1. Artikel 8:15 van de Algemene wet bestuursrecht (Awb) bepaalt dat op verzoek van een partij elk van de rechters die een zaak behandelen, kan worden gewraakt op grond van feiten en omstandigheden waardoor de rechterlijke onpartijdigheid schade zou kunnen lijden. Blijkens de memorie van toelichting bij artikel 8:15 van de Awb is de strekking van het middel van wraking gelegen in het waken tegen inbreuken op de rechterlijke onpartijdigheid.
2. Artikel 3, tweede lid, aanhef en onder f, van de Wrakingsregeling bestuursrechterlijke colleges 2013 (Stcrt. 2019, 32568) bepaalt dat de wrakingskamer, zonder daartoe een zitting te houden, kan beslissen dat een verzoek om wraking niet in behandeling wordt genomen indien het verzoek evident blijk geeft van misbruik van het wrakingsmiddel.
3. Verzoeker heeft in zijn verzoek om wraking slechts aangevoerd dat hij het niet eens is met de twee uitspraken van de Raad van 8 oktober 2019, gegeven door de behandelend rechter, in andere hoger beroepen van verzoeker en dat hij om die reden wil dat een andere rechter zijn hoger beroepen behandelt.
4. Het is verzoeker, gelet op eerdere beslissingen op door hem ingediende wrakingsverzoeken, bekend dat het door hem gebruikte argument geen grond kan vormen voor toewijzing van een wrakingsverzoek (ECLI:NL:CRVB:2019:2742, ECLI:NL:CRVB:2015:2645). Dit betekent dat het verzoek van 4 november 2019 evident blijk geeft van misbruik van het wrakingsmiddel en om die reden niet in behandeling worden genomen.
5. Ook bestaat er aanleiding om gebruik te maken van de in artikel 8:18, vierde lid, van de Awb gegeven bevoegdheid om te beslissen dat een volgend verzoek van verzoeker om wraking in deze hoger beroepen wegens misbruik van het wrakingsmiddel niet in behandeling wordt genomen.

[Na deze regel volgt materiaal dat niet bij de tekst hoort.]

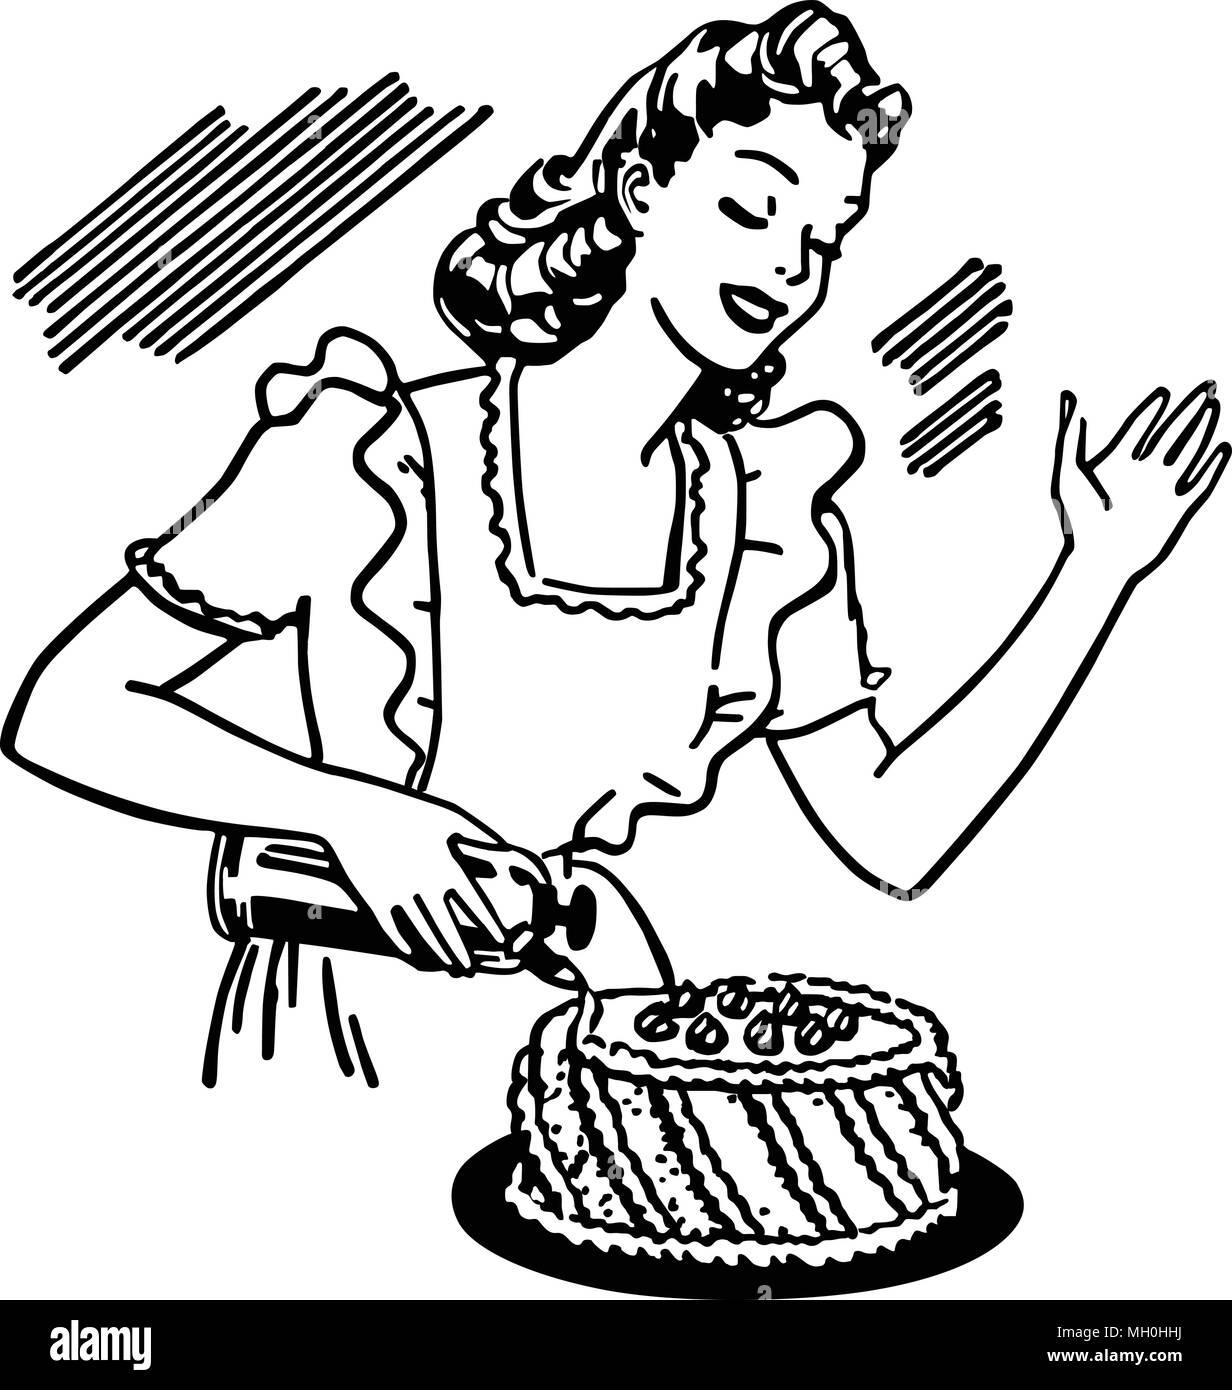 Woman Decorating Cake - Retro Clipart Illustration - Stock Vector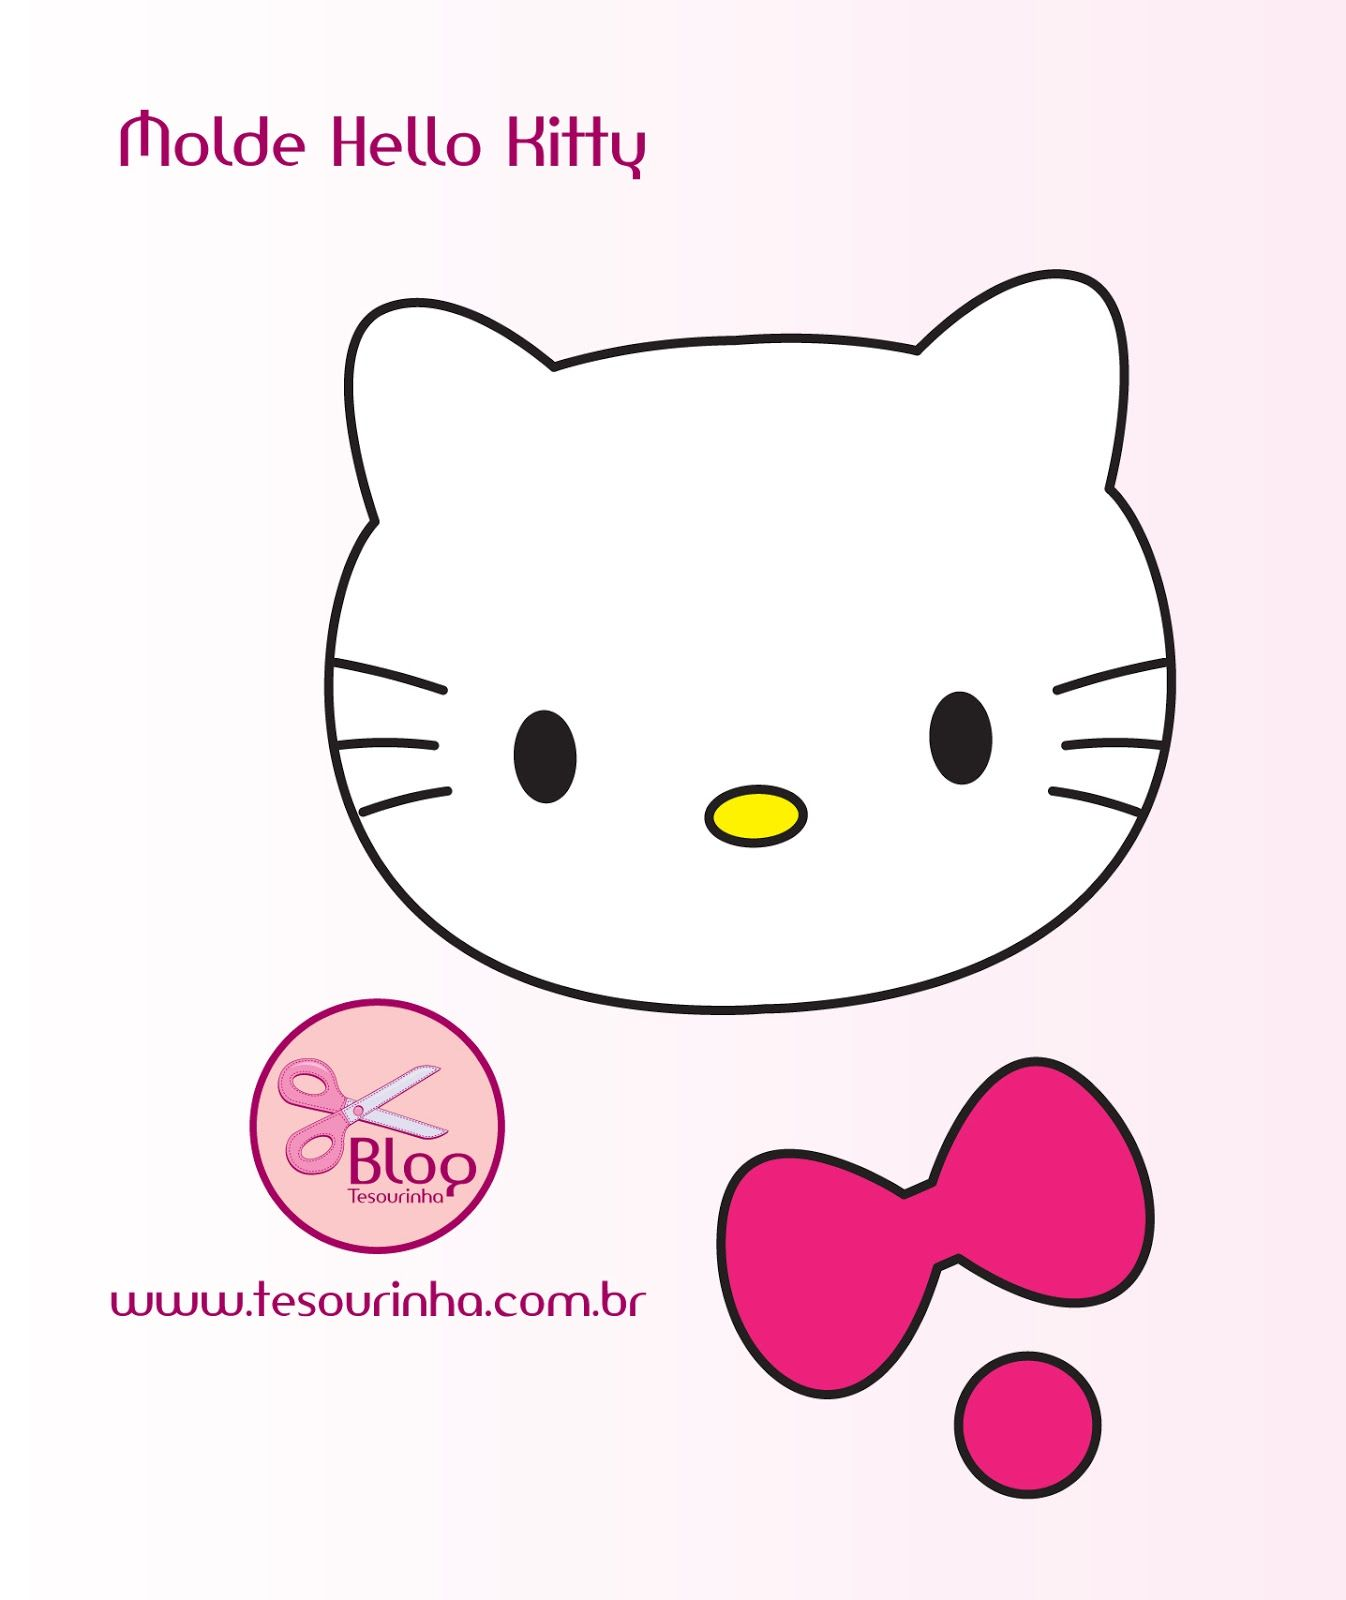 moldes de fieltro | Kitty, Hello kitty and Molde

6. Voor een veroordeling in de proceskosten bestaat geen aanleiding.

BESLISSING

De Centrale Raad van Beroep
  • neemt de verzoeken om wraking niet in behandeling;
  • bepaalt dat een volgend verzoek om wraking in de hoger beroepen met de registratienummers 18/5418 PW, 18/5428 PW, 18/5429 PW, 18/5430 PW, 18/5431 PW, 18/5461 PW, 18/5824 PW, 18/5825 PW, 18/5826 PW, 18/5827 PW, 18/5828 PW, 18/5829, 18/5830 PW, 19/729 PW niet in behandeling wordt genomen.
Deze beslissing is gedaan door M. Greebe als voorzitter en E. Dijt en J.P.A. Boersma als leden, in tegenwoordigheid van P.W.J. Hospel als griffier. De beslissing is uitgesproken in het openbaar op 7 november 2019.